# Your goal:
Leave the pictures out and write out exactly the lines from the top of the entries through the line containing "Dibley's display of".

# Data to use:
────────

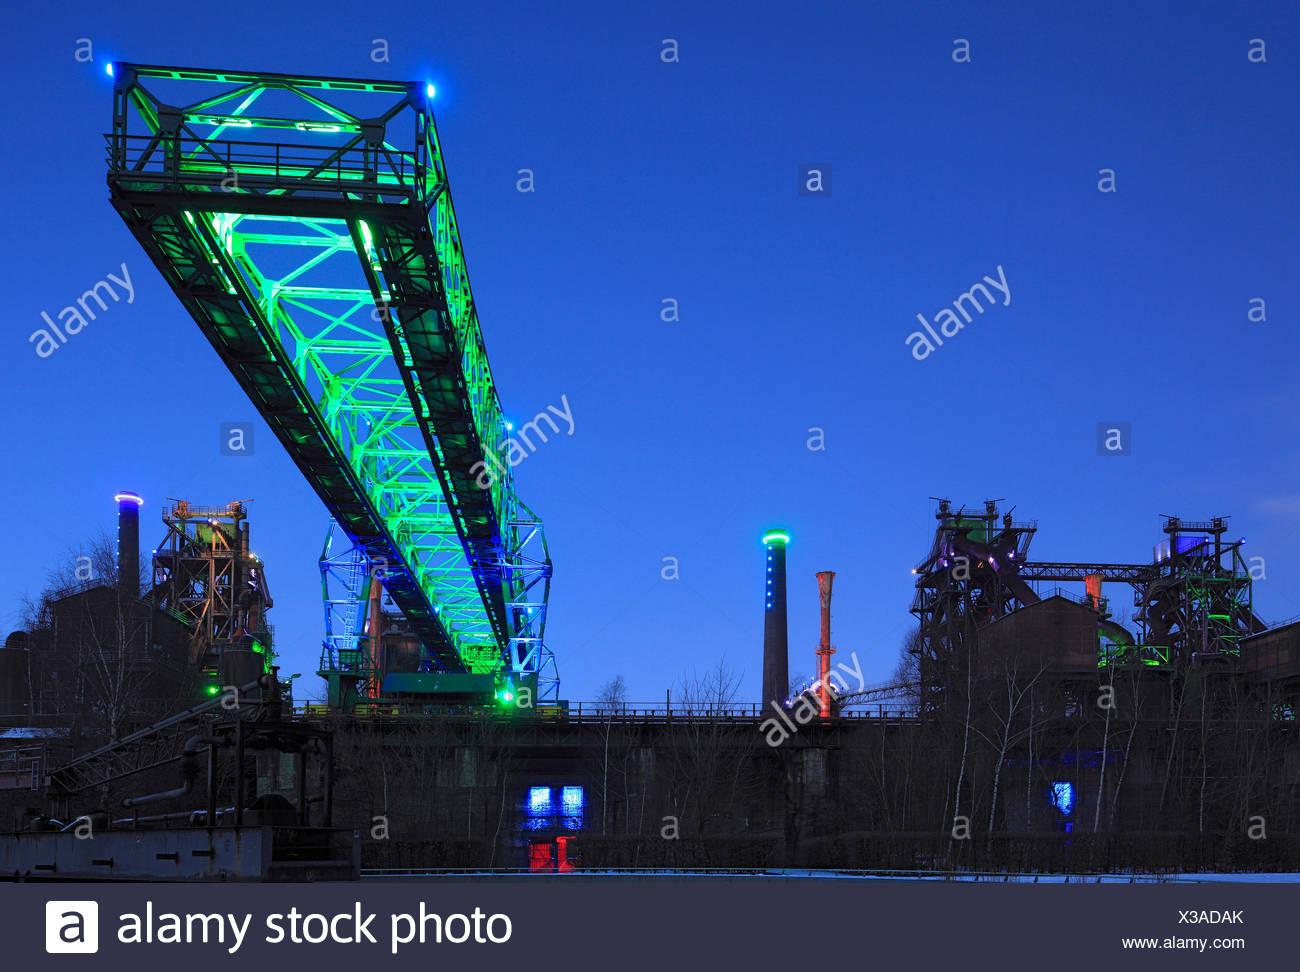 Germany, Europe, North Rhine-Westphalia, Duisburg, Meiderich, route of industrial culture, Emscherpark, lights, illumination, Jo - Stock Image
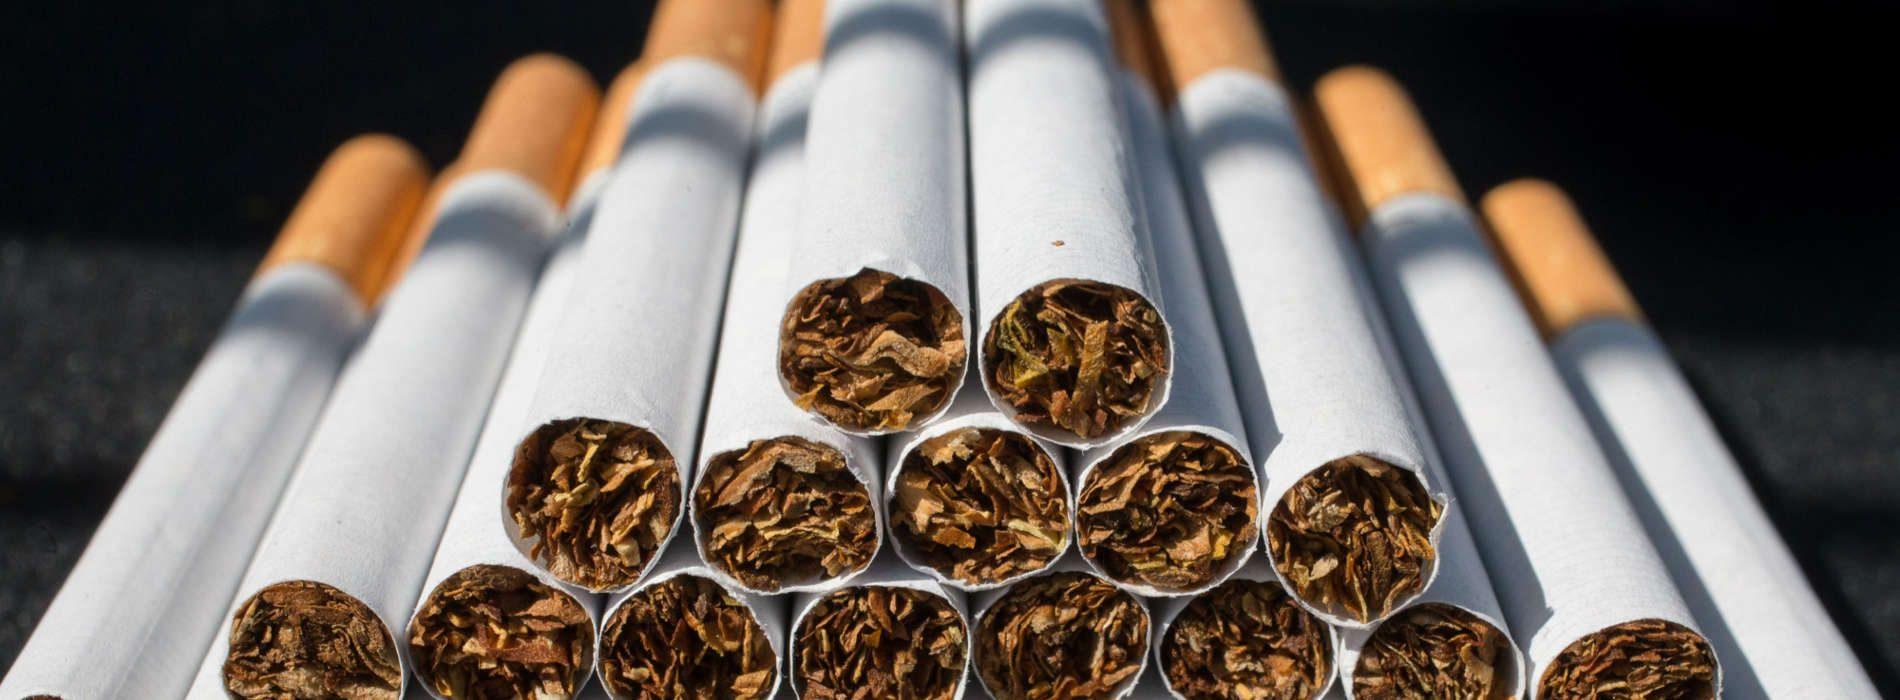 New cigarette plant to boost tobacco production
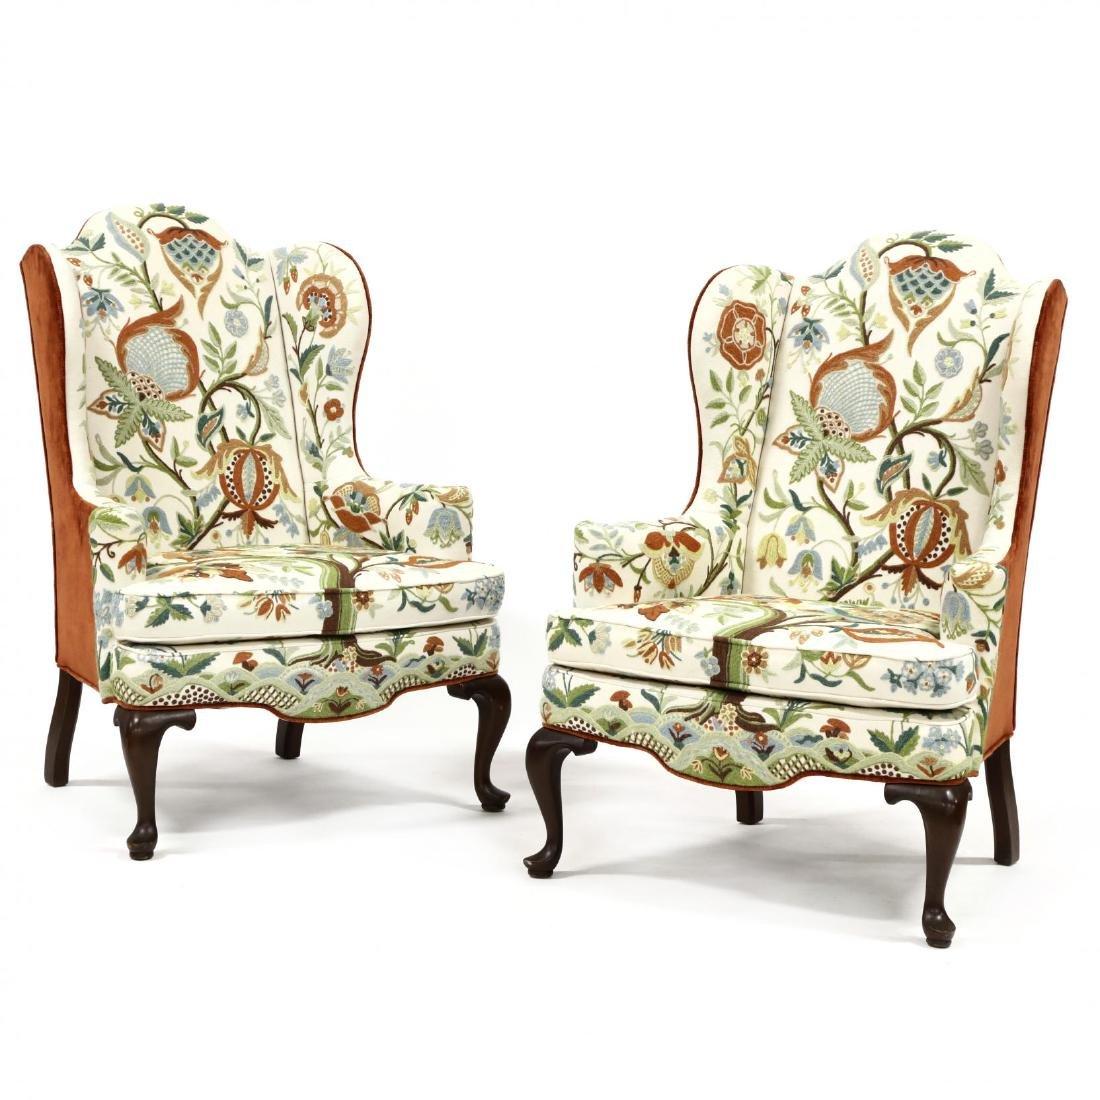 Woodmark Originals, Pair of Crewelwork Upholstered Wing
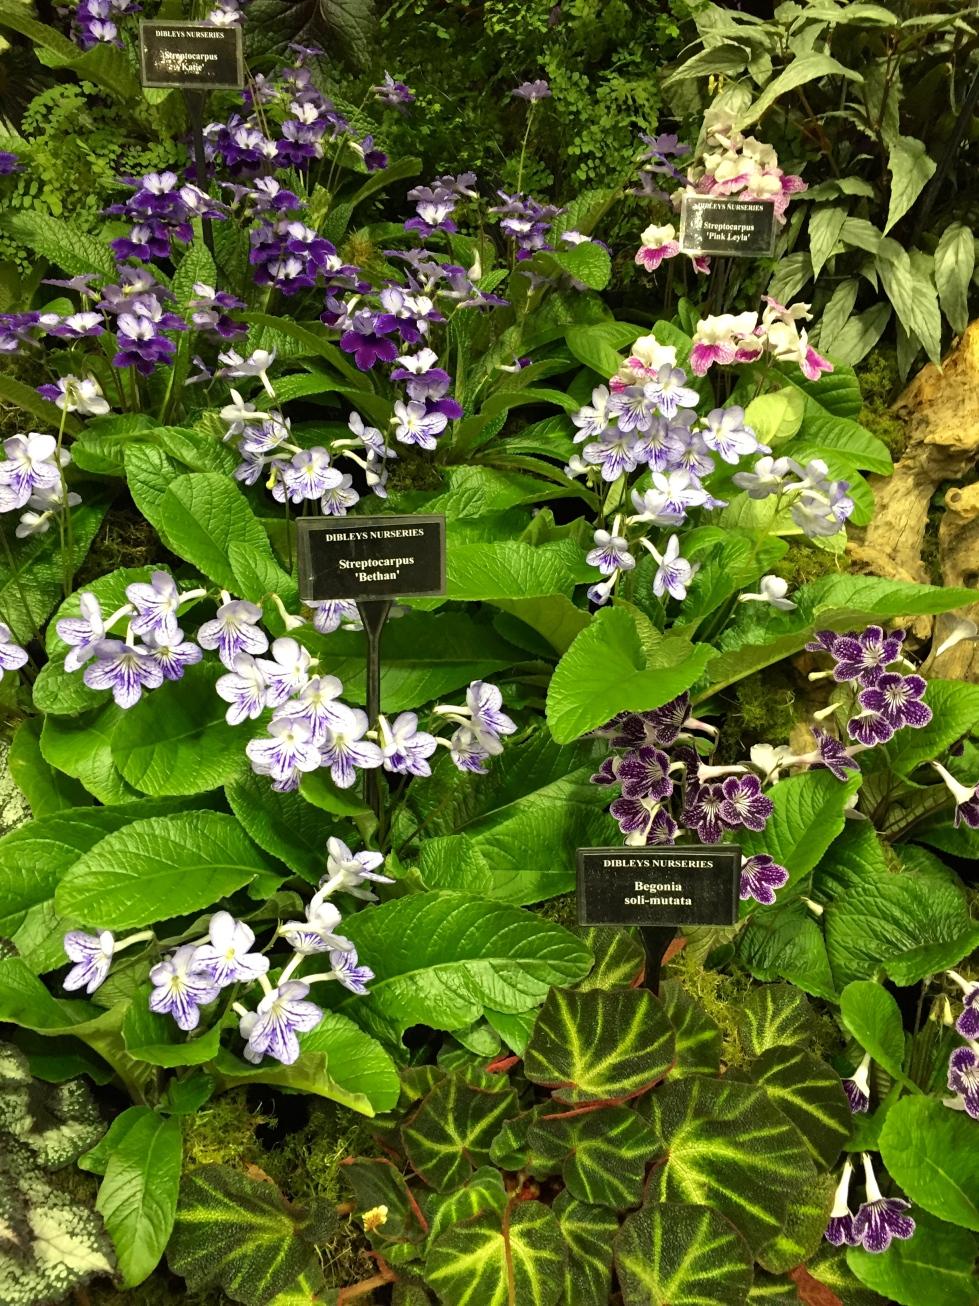 Dibley's display of streptocarpus and begonias
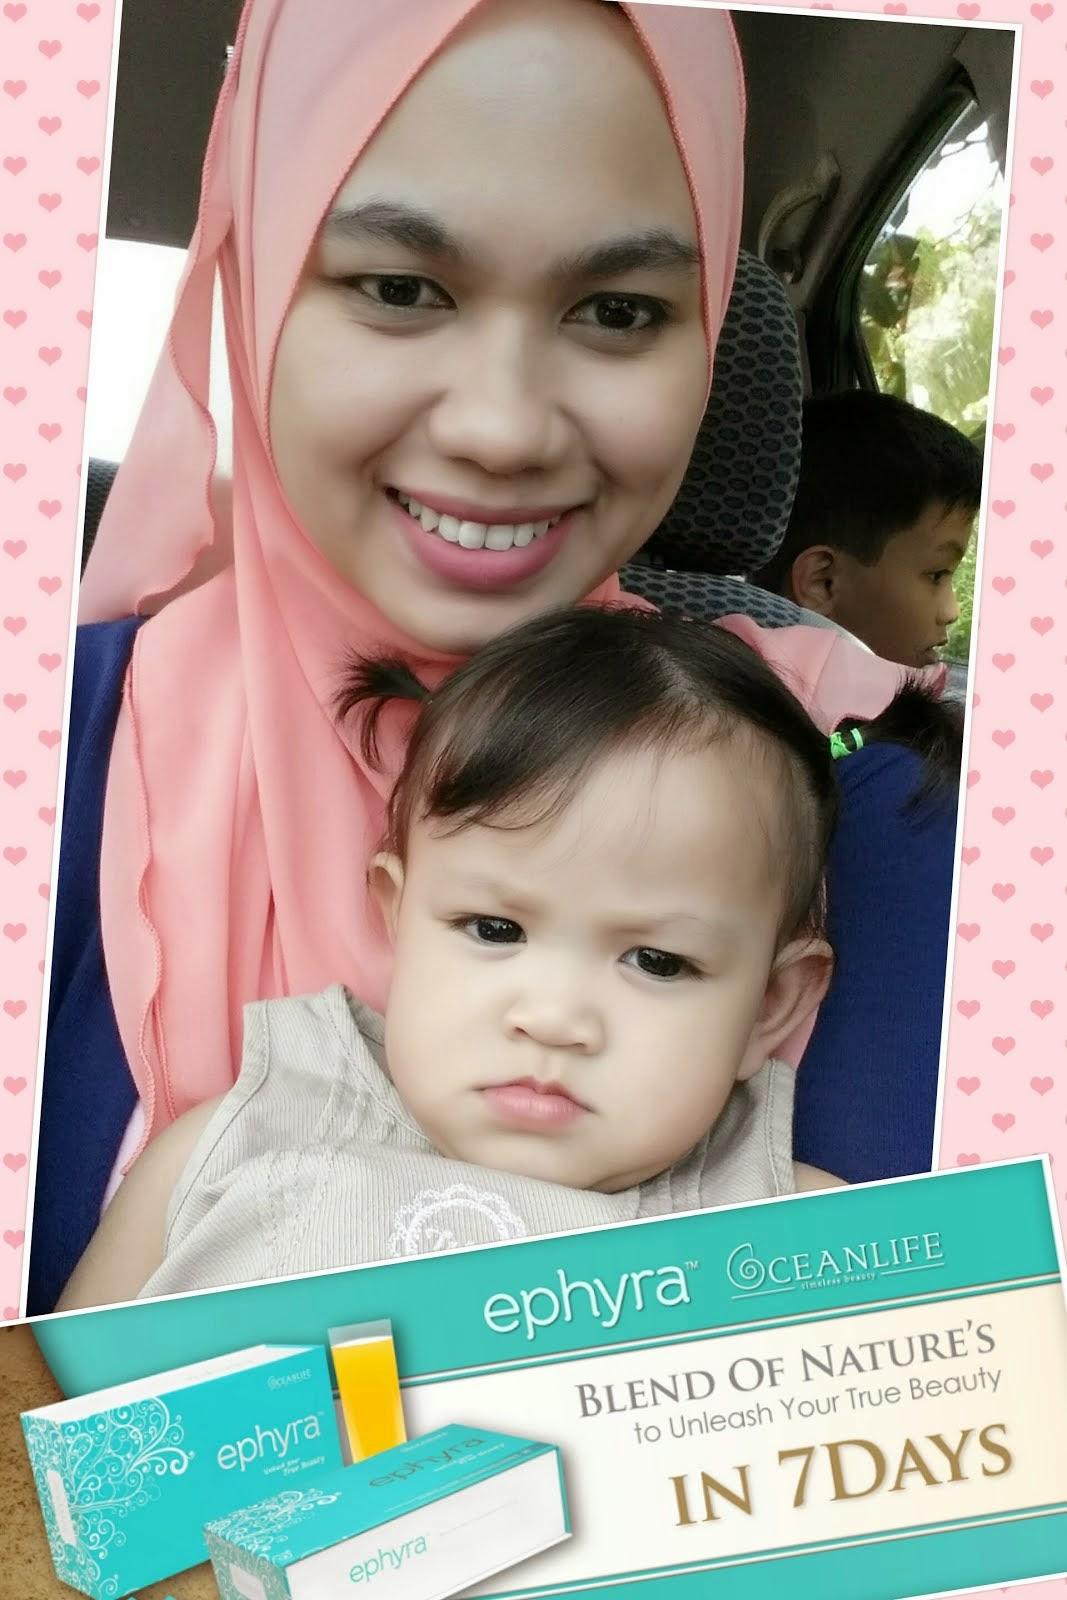 EPHYRA Dealer Putrajaya
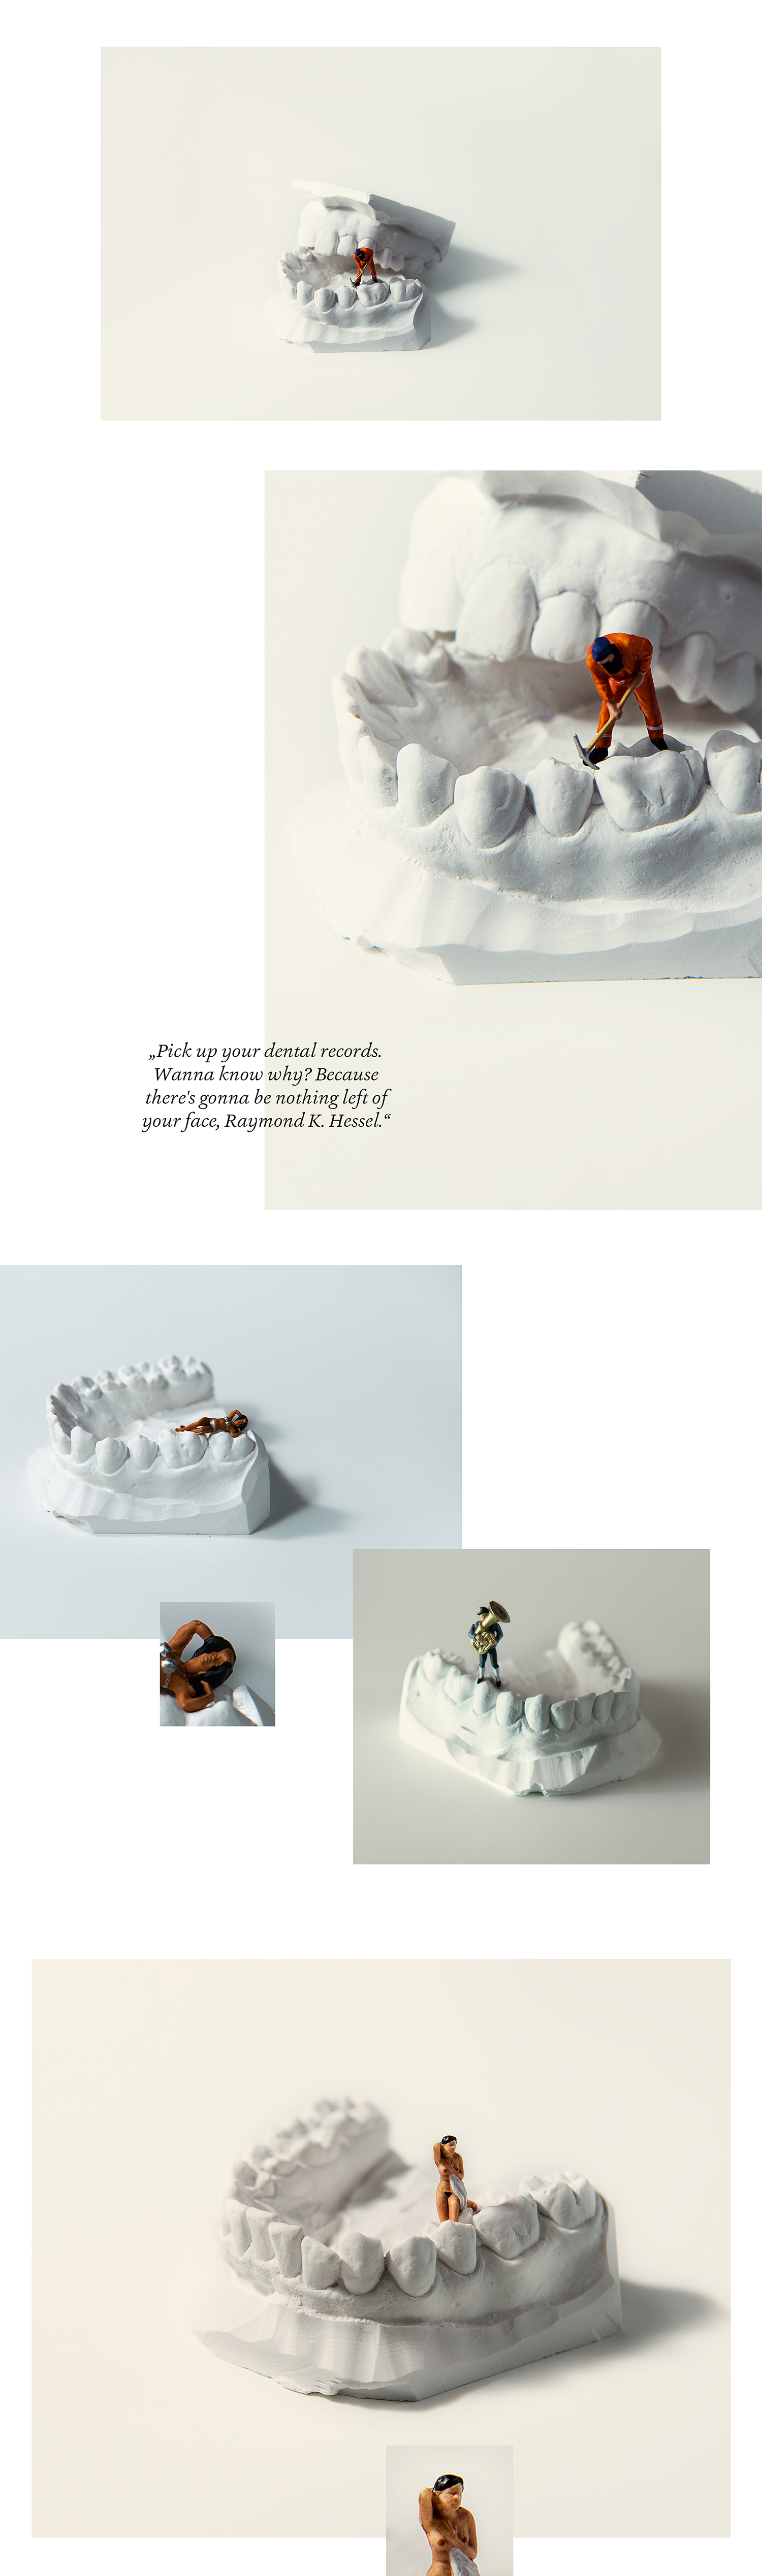 LITTLEONES-02-WEB

────────

# The completed task:
 Germany, Europe, North Rhine-Westphalia, Duisburg, Meiderich, route of industrial culture, Emscherpark, lights, illumination, Jo - Stock Image
 New cigarette plant to boost tobacco production
 Woodmark Originals, Pair of Crewelwork Upholstered Wing
 Dibley's display of streptocarpus and begonias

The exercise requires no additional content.